La nomination la plus surprenante est assurément celle de Marilyne Poulain, ex-responsable de la CGT, très engagée dans le combat pour la régularisation des sans-papiers, qui devient « préfète » déléguée à l'Égalité des chances dans le Bas-Rhin. Dans un tweet, Julien Aubert, qui n'a pas sa langue dans sa poche, écrit : « Une syndicaliste nommée préfet […] qui s’est illustrée pour ses combats sur la régularisation des clandestins : voilà qui montre le sérieux du gouvernement sur ce sujet. La suppression du corps préfectoral aura servi à multiplier les nominations gadget.
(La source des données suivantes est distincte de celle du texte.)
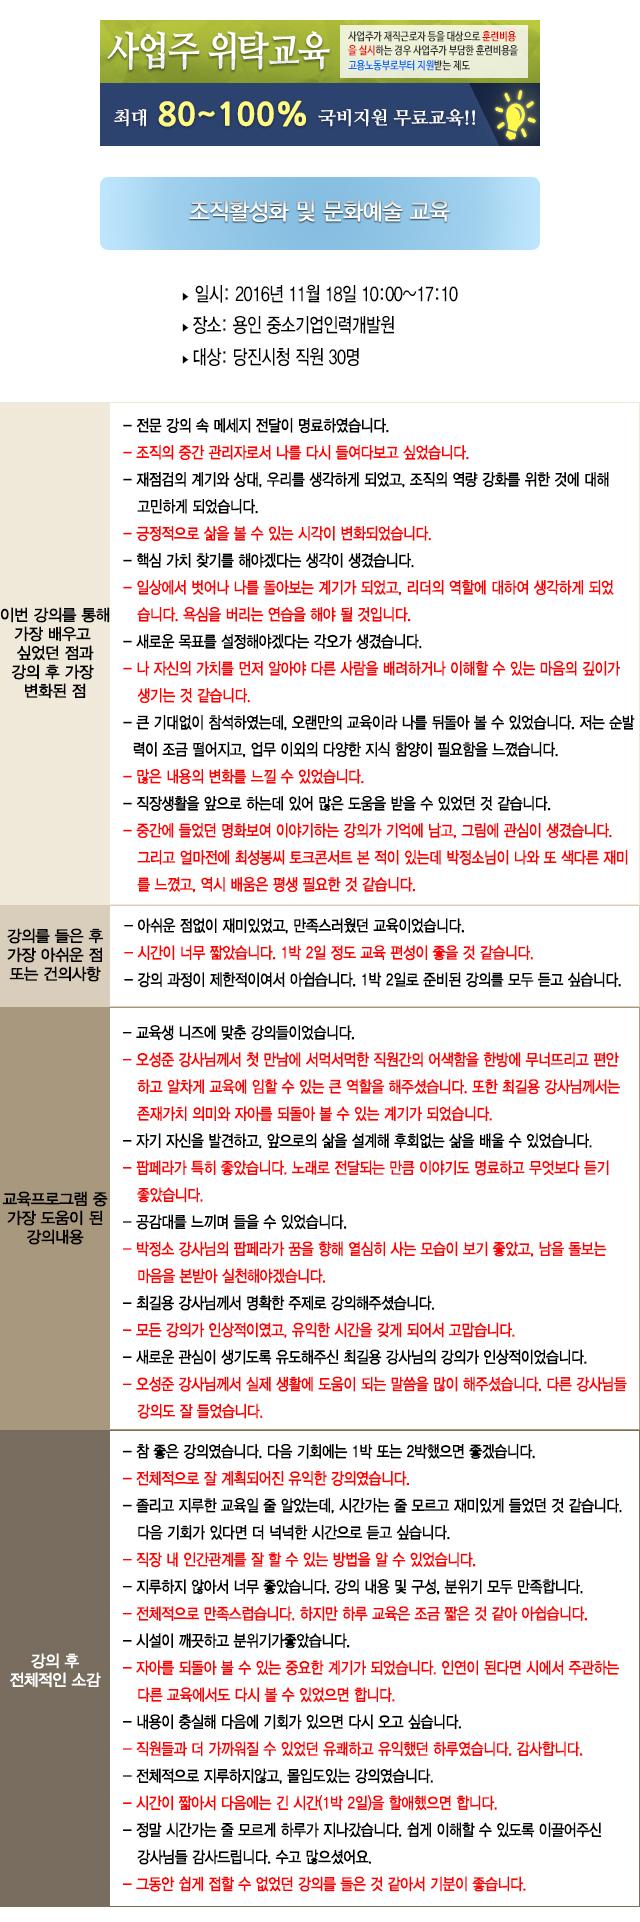 한국중앙인재개발원 후기 당진시청.jpg

On coule. »



À ce sujet — Ce n’est pas l’ENA qu’il faut supprimer, c’est le copinage !

D'aucuns diront qu'il y a belle lurette que la France fait naufrage, mais force est de constater, quelles que soient les qualités personnelles de ces nouveaux préfets, que Macron détruit tout ce qui marche bien, comme s'il était démangé par la manie du changement pour le changement. De la même façon, il a mis en extinction deux corps d'encadrement supérieur du ministère des Affaires étrangères pour ouvrir les postes d'ambassadeurs et de consuls généraux à une plus grande diversité de profils. De même, les inspecteurs généraux de l'Éducation nationale, qui seront désormais en CDD.

Ce bouleversement dans le recrutement des hauts fonctionnaires est, comme la langue d'Ésope, la meilleure et la pire des choses. Il peut permettre, dans certains cas, de repérer, hors des viviers habituels, des personnes de grande qualité, mais il permet aussi, pour des raisons qui n'ont rien à voir avec l'intérêt général, d'en promouvoir de plus médiocres. Les préfets, qui devraient tous être de grands serviteurs de l'État, risquent fort, dans l'avenir, pour quelques-uns d'entre eux, de n'être plus que des larbins ou des copains du pouvoir.